◆ **Task requirements**:
Write all of the entries out again exactly.
Dataset entries section start
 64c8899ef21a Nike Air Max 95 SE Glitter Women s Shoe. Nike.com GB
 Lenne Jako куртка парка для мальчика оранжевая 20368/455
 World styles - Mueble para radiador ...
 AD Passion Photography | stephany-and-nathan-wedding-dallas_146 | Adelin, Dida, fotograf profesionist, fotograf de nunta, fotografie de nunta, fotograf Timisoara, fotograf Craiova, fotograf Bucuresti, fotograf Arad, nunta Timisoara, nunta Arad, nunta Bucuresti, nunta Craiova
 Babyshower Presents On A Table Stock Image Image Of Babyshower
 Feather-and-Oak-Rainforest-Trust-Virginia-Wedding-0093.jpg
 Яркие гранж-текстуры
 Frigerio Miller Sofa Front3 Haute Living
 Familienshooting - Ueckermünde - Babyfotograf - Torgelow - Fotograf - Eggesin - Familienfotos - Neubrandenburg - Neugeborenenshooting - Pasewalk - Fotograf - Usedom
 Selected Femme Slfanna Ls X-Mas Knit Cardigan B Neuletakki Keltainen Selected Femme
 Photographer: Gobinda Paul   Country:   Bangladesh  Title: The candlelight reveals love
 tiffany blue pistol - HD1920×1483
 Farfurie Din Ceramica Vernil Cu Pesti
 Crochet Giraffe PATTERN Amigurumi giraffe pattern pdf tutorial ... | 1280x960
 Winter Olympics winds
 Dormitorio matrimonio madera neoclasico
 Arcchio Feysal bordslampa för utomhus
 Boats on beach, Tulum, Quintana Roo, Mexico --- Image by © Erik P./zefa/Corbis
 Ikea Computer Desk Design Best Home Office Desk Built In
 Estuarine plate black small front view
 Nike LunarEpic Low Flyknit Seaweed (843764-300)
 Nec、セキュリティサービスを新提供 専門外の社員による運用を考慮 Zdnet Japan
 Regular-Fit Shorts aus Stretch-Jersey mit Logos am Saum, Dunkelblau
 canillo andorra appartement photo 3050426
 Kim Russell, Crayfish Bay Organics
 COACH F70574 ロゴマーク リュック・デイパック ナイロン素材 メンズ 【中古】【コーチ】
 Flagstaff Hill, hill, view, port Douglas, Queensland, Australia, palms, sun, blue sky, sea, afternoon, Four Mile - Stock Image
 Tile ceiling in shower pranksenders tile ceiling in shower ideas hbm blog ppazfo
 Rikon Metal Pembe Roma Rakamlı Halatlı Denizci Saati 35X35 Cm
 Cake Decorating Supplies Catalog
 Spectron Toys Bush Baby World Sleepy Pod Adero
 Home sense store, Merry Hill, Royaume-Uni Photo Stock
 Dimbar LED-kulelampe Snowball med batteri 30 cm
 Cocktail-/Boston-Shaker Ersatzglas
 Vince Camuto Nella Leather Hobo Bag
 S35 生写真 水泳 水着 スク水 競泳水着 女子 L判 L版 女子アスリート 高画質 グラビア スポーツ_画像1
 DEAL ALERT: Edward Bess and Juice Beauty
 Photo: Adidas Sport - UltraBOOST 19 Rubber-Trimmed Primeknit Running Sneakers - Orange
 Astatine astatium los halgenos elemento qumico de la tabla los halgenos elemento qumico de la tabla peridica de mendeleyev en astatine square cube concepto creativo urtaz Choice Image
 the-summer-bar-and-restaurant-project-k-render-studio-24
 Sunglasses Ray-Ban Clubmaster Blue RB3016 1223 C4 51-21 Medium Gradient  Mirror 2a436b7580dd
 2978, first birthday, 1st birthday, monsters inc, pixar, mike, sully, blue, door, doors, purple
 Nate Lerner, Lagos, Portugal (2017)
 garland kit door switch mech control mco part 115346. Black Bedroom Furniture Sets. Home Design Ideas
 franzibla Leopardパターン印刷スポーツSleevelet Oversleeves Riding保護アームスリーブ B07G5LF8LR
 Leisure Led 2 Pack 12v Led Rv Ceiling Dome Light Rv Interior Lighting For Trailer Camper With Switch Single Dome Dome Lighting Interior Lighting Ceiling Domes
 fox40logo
Dataset entries section end
◆ **Answer space**:
 64c8899ef21a Nike Air Max 95 SE Glitter Women s Shoe. Nike.com GB
 Lenne Jako куртка парка для мальчика оранжевая 20368/455
 World styles - Mueble para radiador ...
 AD Passion Photography | stephany-and-nathan-wedding-dallas_146 | Adelin, Dida, fotograf profesionist, fotograf de nunta, fotografie de nunta, fotograf Timisoara, fotograf Craiova, fotograf Bucuresti, fotograf Arad, nunta Timisoara, nunta Arad, nunta Bucuresti, nunta Craiova
 Babyshower Presents On A Table Stock Image Image Of Babyshower
 Feather-and-Oak-Rainforest-Trust-Virginia-Wedding-0093.jpg
 Яркие гранж-текстуры
 Frigerio Miller Sofa Front3 Haute Living
 Familienshooting - Ueckermünde - Babyfotograf - Torgelow - Fotograf - Eggesin - Familienfotos - Neubrandenburg - Neugeborenenshooting - Pasewalk - Fotograf - Usedom
 Selected Femme Slfanna Ls X-Mas Knit Cardigan B Neuletakki Keltainen Selected Femme
 Photographer: Gobinda Paul   Country:   Bangladesh  Title: The candlelight reveals love
 tiffany blue pistol - HD1920×1483
 Farfurie Din Ceramica Vernil Cu Pesti
 Crochet Giraffe PATTERN Amigurumi giraffe pattern pdf tutorial ... | 1280x960
 Winter Olympics winds
 Dormitorio matrimonio madera neoclasico
 Arcchio Feysal bordslampa för utomhus
 Boats on beach, Tulum, Quintana Roo, Mexico --- Image by © Erik P./zefa/Corbis
 Ikea Computer Desk Design Best Home Office Desk Built In
 Estuarine plate black small front view
 Nike LunarEpic Low Flyknit Seaweed (843764-300)
 Nec、セキュリティサービスを新提供 専門外の社員による運用を考慮 Zdnet Japan
 Regular-Fit Shorts aus Stretch-Jersey mit Logos am Saum, Dunkelblau
 canillo andorra appartement photo 3050426
 Kim Russell, Crayfish Bay Organics
 COACH F70574 ロゴマーク リュック・デイパック ナイロン素材 メンズ 【中古】【コーチ】
 Flagstaff Hill, hill, view, port Douglas, Queensland, Australia, palms, sun, blue sky, sea, afternoon, Four Mile - Stock Image
 Tile ceiling in shower pranksenders tile ceiling in shower ideas hbm blog ppazfo
 Rikon Metal Pembe Roma Rakamlı Halatlı Denizci Saati 35X35 Cm
 Cake Decorating Supplies Catalog
 Spectron Toys Bush Baby World Sleepy Pod Adero
 Home sense store, Merry Hill, Royaume-Uni Photo Stock
 Dimbar LED-kulelampe Snowball med batteri 30 cm
 Cocktail-/Boston-Shaker Ersatzglas
 Vince Camuto Nella Leather Hobo Bag
 S35 生写真 水泳 水着 スク水 競泳水着 女子 L判 L版 女子アスリート 高画質 グラビア スポーツ_画像1
 DEAL ALERT: Edward Bess and Juice Beauty
 Photo: Adidas Sport - UltraBOOST 19 Rubber-Trimmed Primeknit Running Sneakers - Orange
 Astatine astatium los halgenos elemento qumico de la tabla los halgenos elemento qumico de la tabla peridica de mendeleyev en astatine square cube concepto creativo urtaz Choice Image
 the-summer-bar-and-restaurant-project-k-render-studio-24
 Sunglasses Ray-Ban Clubmaster Blue RB3016 1223 C4 51-21 Medium Gradient  Mirror 2a436b7580dd
 2978, first birthday, 1st birthday, monsters inc, pixar, mike, sully, blue, door, doors, purple
 Nate Lerner, Lagos, Portugal (2017)
 garland kit door switch mech control mco part 115346. Black Bedroom Furniture Sets. Home Design Ideas
 franzibla Leopardパターン印刷スポーツSleevelet Oversleeves Riding保護アームスリーブ B07G5LF8LR
 Leisure Led 2 Pack 12v Led Rv Ceiling Dome Light Rv Interior Lighting For Trailer Camper With Switch Single Dome Dome Lighting Interior Lighting Ceiling Domes
 fox40logo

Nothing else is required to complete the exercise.